The Democratic Party now controls the legislative and executive branches; however, they will in all probability be, pending the results of the Minnesota contest, a few seats shy of a filibuster-proof 60-seat majority in the Senate. Obama, who openly ran as a moderate, will undoubtedly desire to govern in a “centrist” fashion. Nevertheless, these political limitations are still not as important as the new opportunities available to us.

Progressive social movements need to capitalize on the energy and excitement aroused by the Obama victory. We must offer “critical support” to his administration and begin pressuring him to enact policies that benefit America’s working-class majority. The Left helped to propel Obama into the White House; we should not allow him to appease corporations, conservatives and neoliberals in the name of “bi-partisanship.” Our task is to ensure that he lives up to his promise of “change we can believe in.”
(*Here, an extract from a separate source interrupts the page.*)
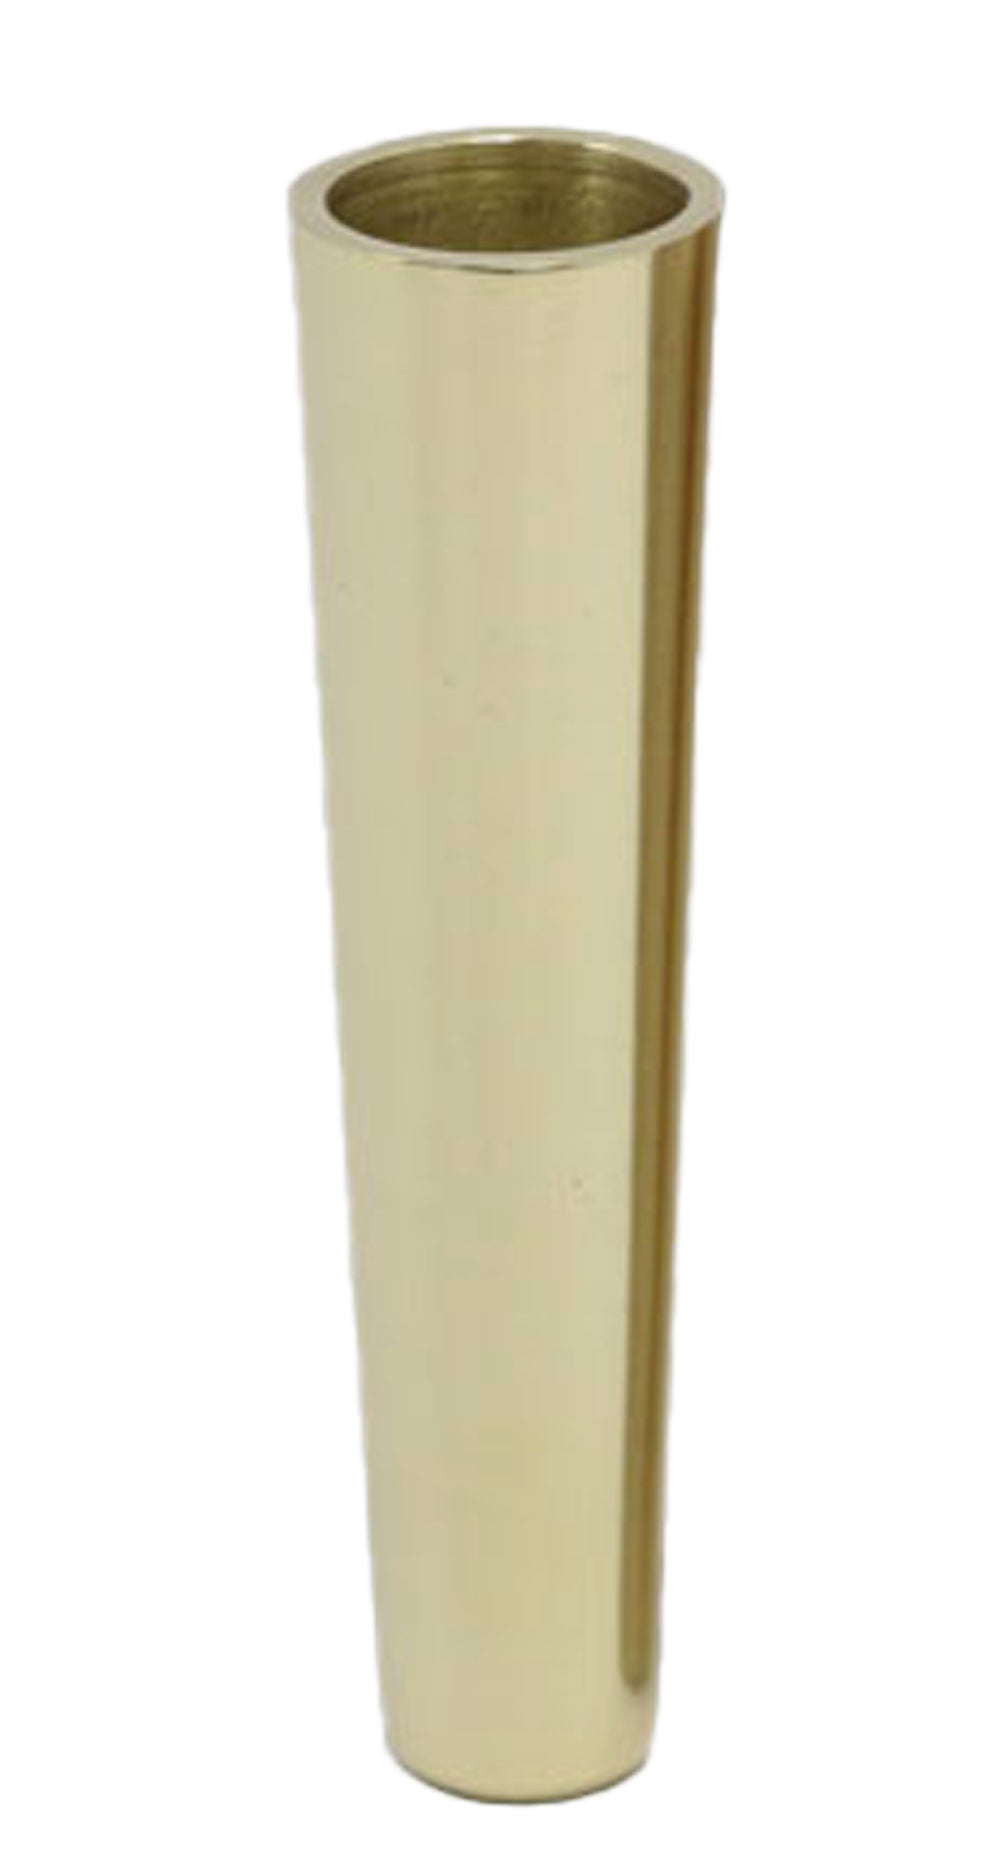 Taj Tall Brass Leg Cup

Young people overwhelmingly voted for Obama. Obama captured two-thirds of under-30 voters – a nine point increase from what 2004 Democratic presidential nominee John Kerry received. Young people accounted for 18% of the electorate; this number dramatically increased Obama’s ultimate margin of victory on Election Day. Of white people, the only age bracket to vote the majority for Obama were youth. The Young Democratic Socialists, who joined with our peers in demanding a mandate for change, must now also work to organize progressive youth to pressure the Obama administration from the left. Many young people who were first politically engaged and energized by this campaign will now be looking for a new venue to express their activism. YDS must work directly with these new voters, however, we cannot send them commanding polemics from on high; we must meet them where they are.

There will be those on the sectarian Left who dismiss every bad Obama decision as a “betrayal.” They may also ridicule the new idealists who will inevitably be disappointed when Obama does not act as the progressive that they expected him to be. But the response of young socialists should not be to say “we told you so,” but to patiently explain why liberal disappointment must be transformed into militant democratic radicalism and why capitalism is fundamentally at odds with democracy.